Il modenese conferma di aver rischiato di morire a causa del doping:Sì, per setticemia. Un batterio era finito nella sacca. Non si trattava di cattiva conservazione come molti hanno detto. Non tenevo il sangue nel frigo con la verdura, non sono scemo. Avevo un frigorifero apposito. Quando ho iniziato a stare male non sapevo cosa fare e la situazione è precipitata. All’ospedale mi hanno acciuffato per i capelli. La situazione era così critica che non ho avuto neppure il tempo di avere paura. Però il rischio è stato altissimo. Non lo sa nessuno, ma una volta finito tutto sono passato in ospedale a ringraziare i dottori“.
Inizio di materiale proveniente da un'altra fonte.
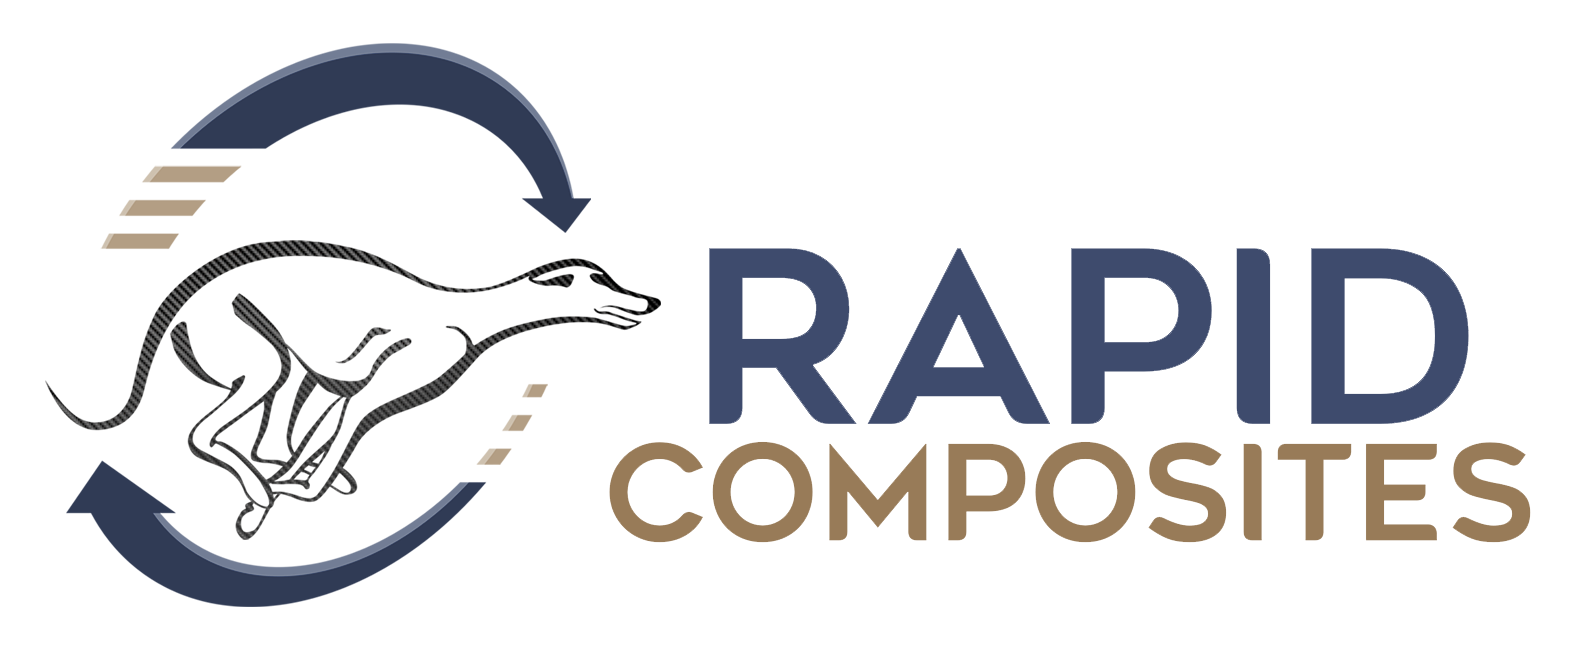 Rapid Composites

Riccò racconta anche la sua vita attuale: “Faccio il gelataio a Tenerife. Tutte le mattine mi alzo e via, a lavorare. Un amico mi ha insegnato l’arte e io ho aperto il Choco Logo a El Palmar. Faccio anche gelai per cani, ho una bella clientela. In Spagna ti lasciano lavorare, alle Canarie il clima è fantastico, ma noi italiani siamo considerati cittadini di Serie C. Però sarà la maturità, sarà il lavoro… un po’ come persona sono cambiato. Mi piace fare il gelataio. Però non proverò mai l’amore che ho provato e provo per la bici. Ora ci vado poco, però mi piace sempre. Quando mi alleno mi rigenero, la testa si rilassa. Però di corse ne guardo poche. Vedo che i miei ex colleghi vanno sempre forte come prima se non di più. Valverde è come l’aceto, più invecchia e più è forte. Aru mi piace. Sagan è un personaggio unico che fa bene al mondo del ciclismo. Nibali mi piace, è il più forte che abbiamo”.
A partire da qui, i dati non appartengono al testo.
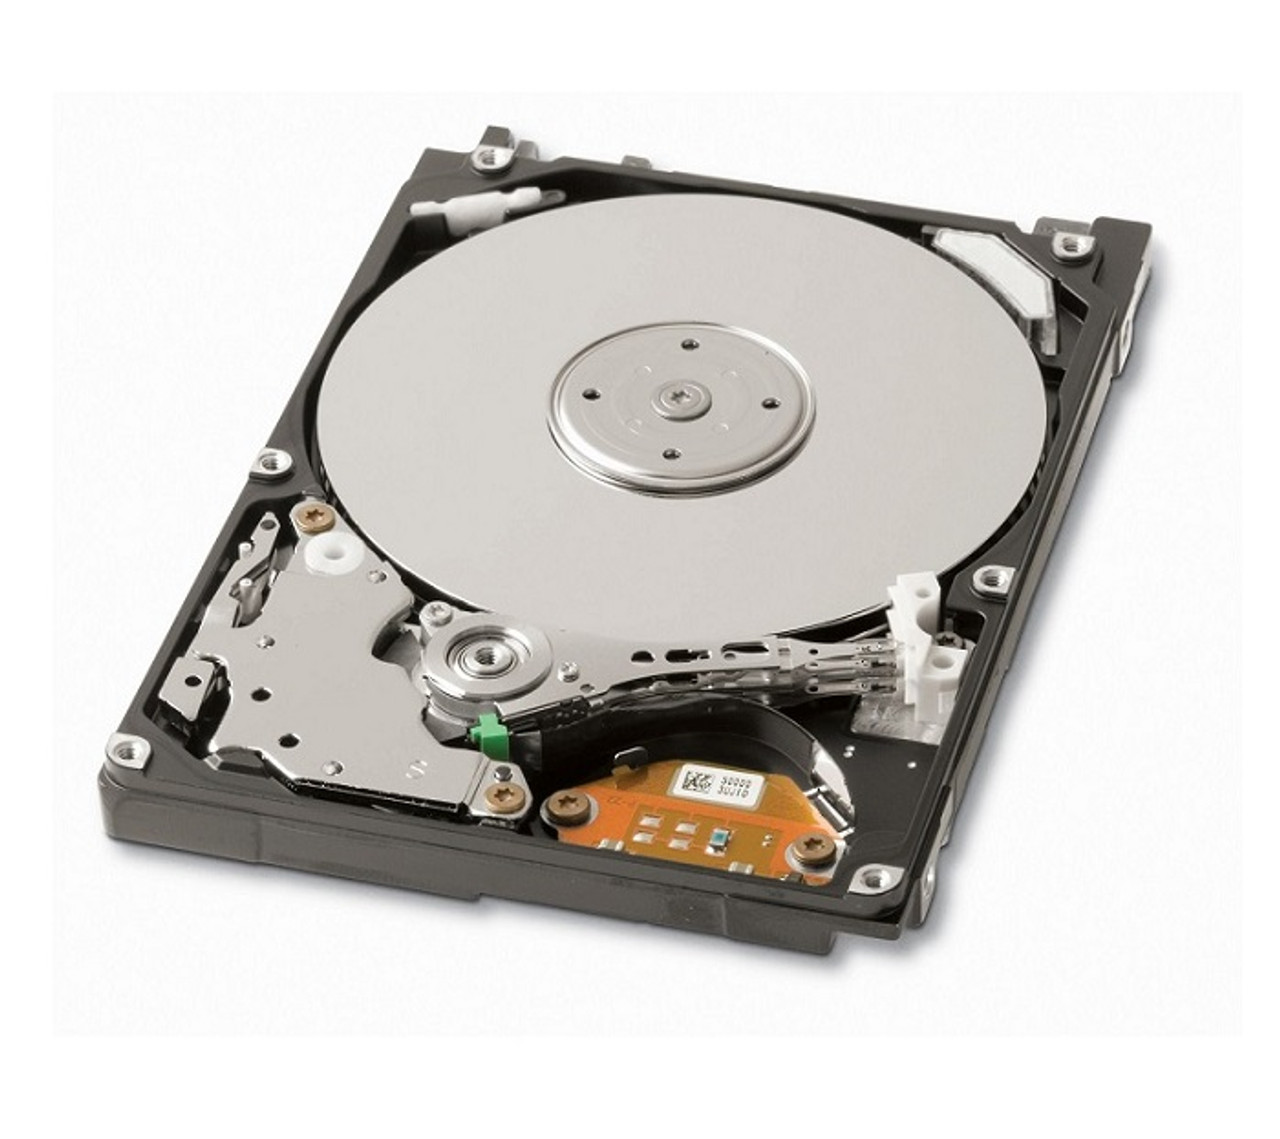 06T245 - Dell 60GB 4200RPM ATA/IDE 2.5-inch Hard Disk Drive

Il Cobra non molla e anzi rilancia: “Tornerò a correre. Quando nel 2023 scadrò la mia squalifica avrò 40 anni. Sarò ancora competitivo. Se fossi allenato sarei più forte ora di prima. Fisicamente mi sento così. Ci sono squadre che mi vorrebbero. In caso contrario ne farei io una. Ma io prima o poi torno a correre“. E come aggiunge la moglie Melissa: “Sta buono, ma dentro soffre, si rode. Forse troverò pace solo il giorno che si attaccherà di nuovo un numero sulla schiena“.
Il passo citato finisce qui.